— AVAILABLE DATA —
****************************************

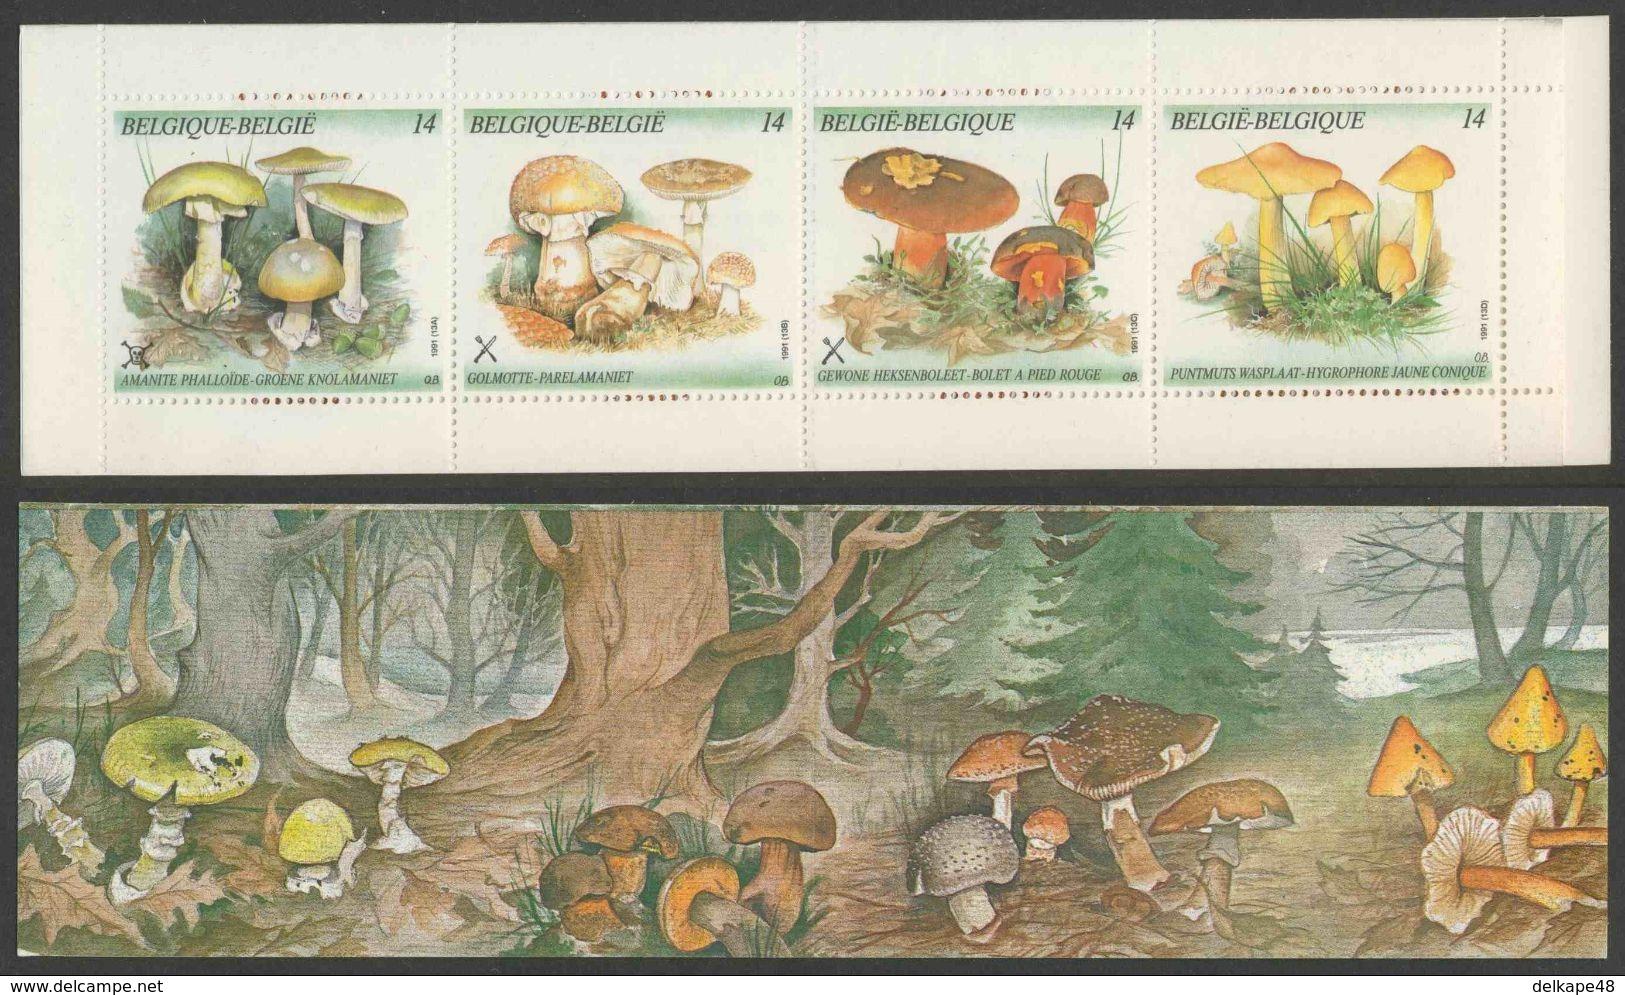 Belgie Belgique Belgium 1991 MH32 Mi 2470-2473 ** Amanita Phalloides, Amanita Rub., Boletus Erythropus, Hygrocybe Persis - Paddestoelen
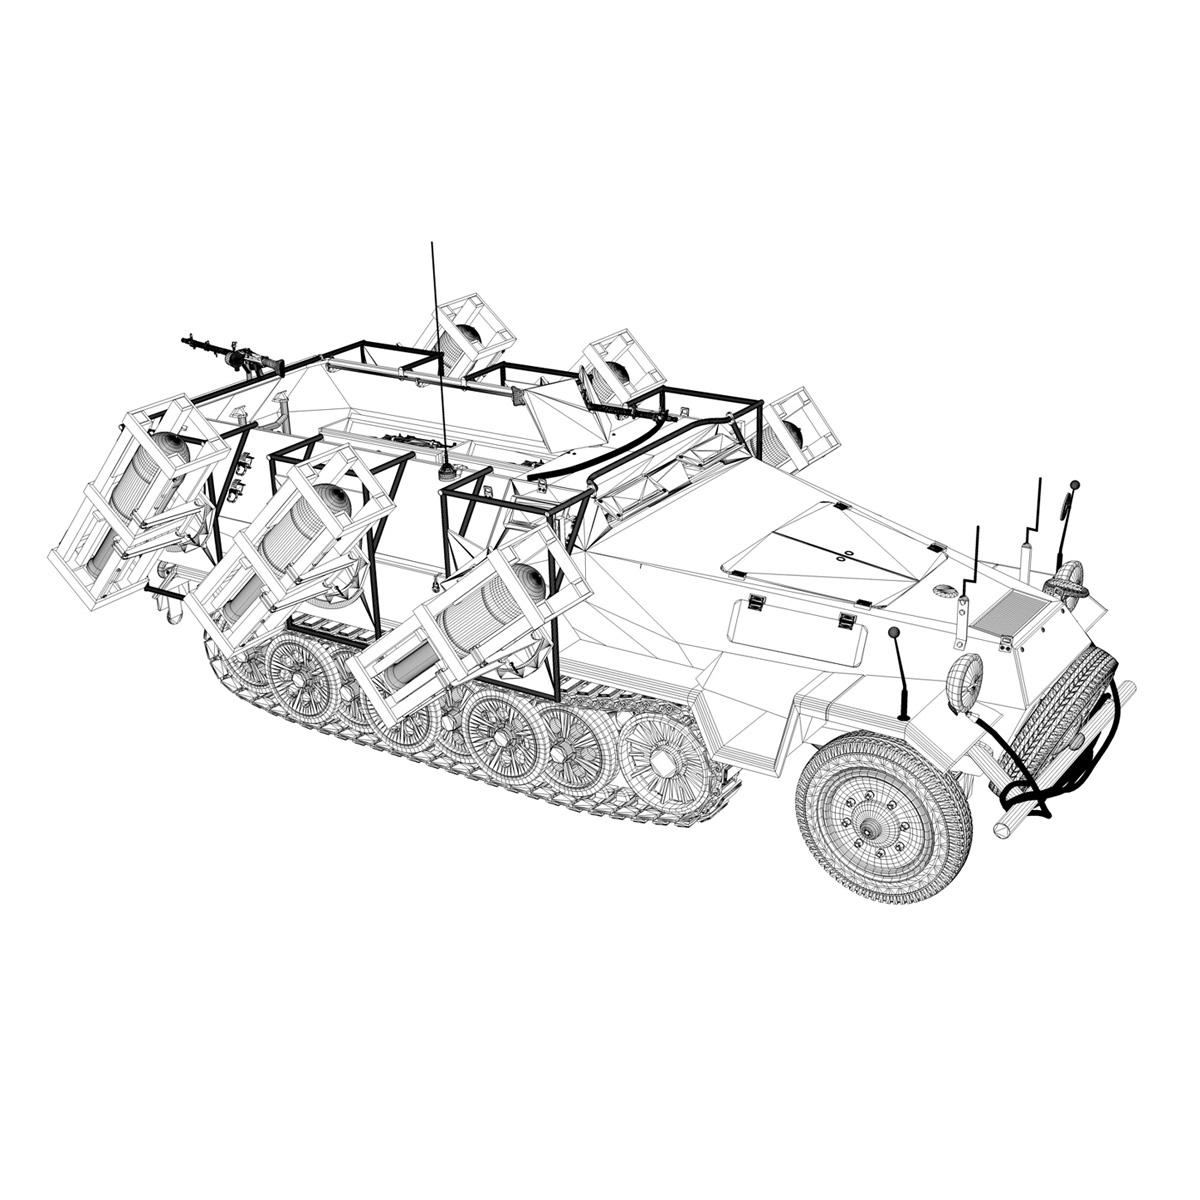 sdkfz 251 ausf.b – ground stuka 3d model 3ds fbx c4d lwo obj 251689
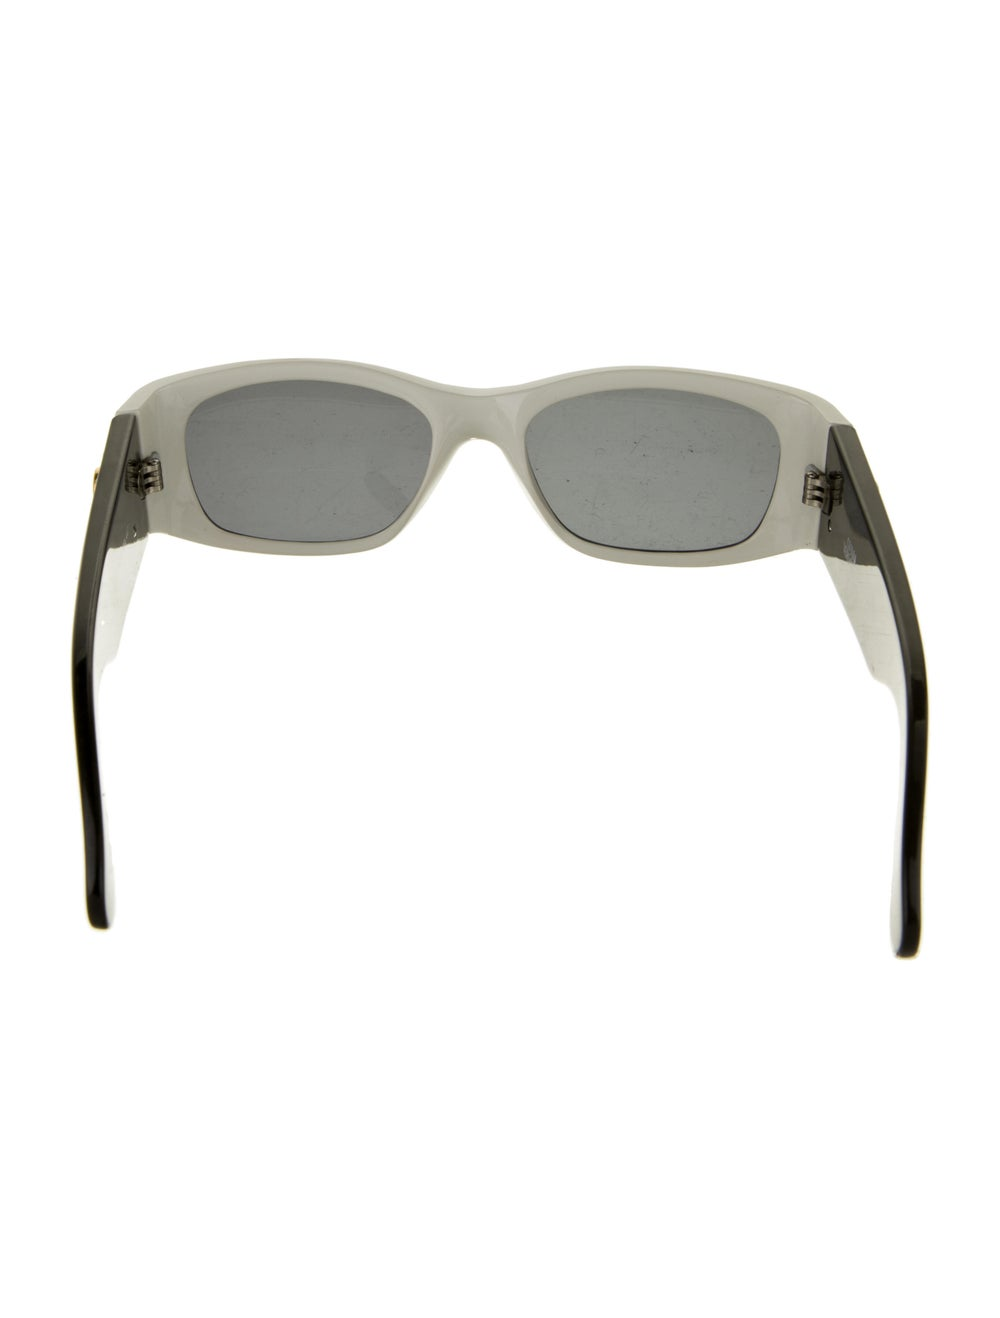 Gianni Versace Square Tinted Sunglasses Black - image 3
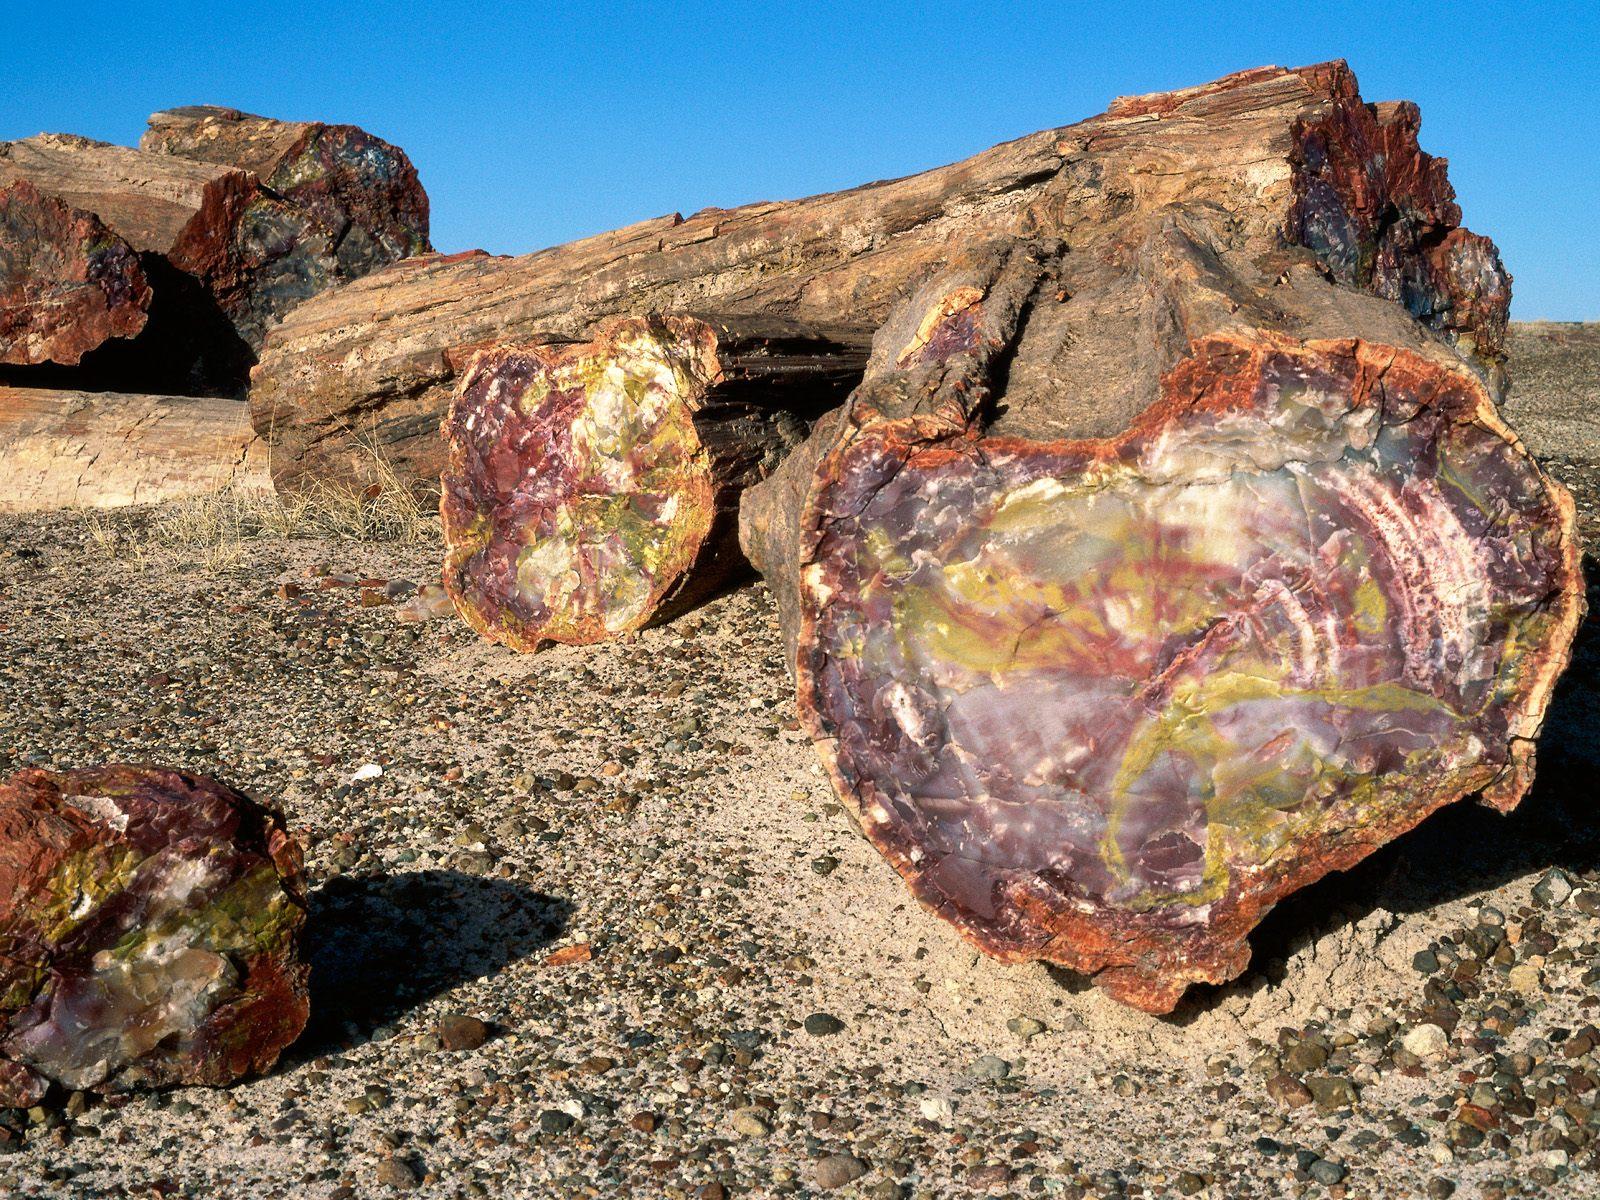 Petrified_forest_national_park,_arizona

****************************************

— BRIEF —
Quote, exactly and only, the lines from the first line of the data above through the line containing "Gianni Versace Square". The pictures do not belong in it.

— FINISHED EXERCISE —
 Belgie Belgique Belgium 1991 MH32 Mi 2470-2473 ** Amanita Phalloides, Amanita Rub., Boletus Erythropus, Hygrocybe Persis - Paddestoelen
 sdkfz 251 ausf.b – ground stuka 3d model 3ds fbx c4d lwo obj 251689
 Gianni Versace Square Tinted Sunglasses Black - image 3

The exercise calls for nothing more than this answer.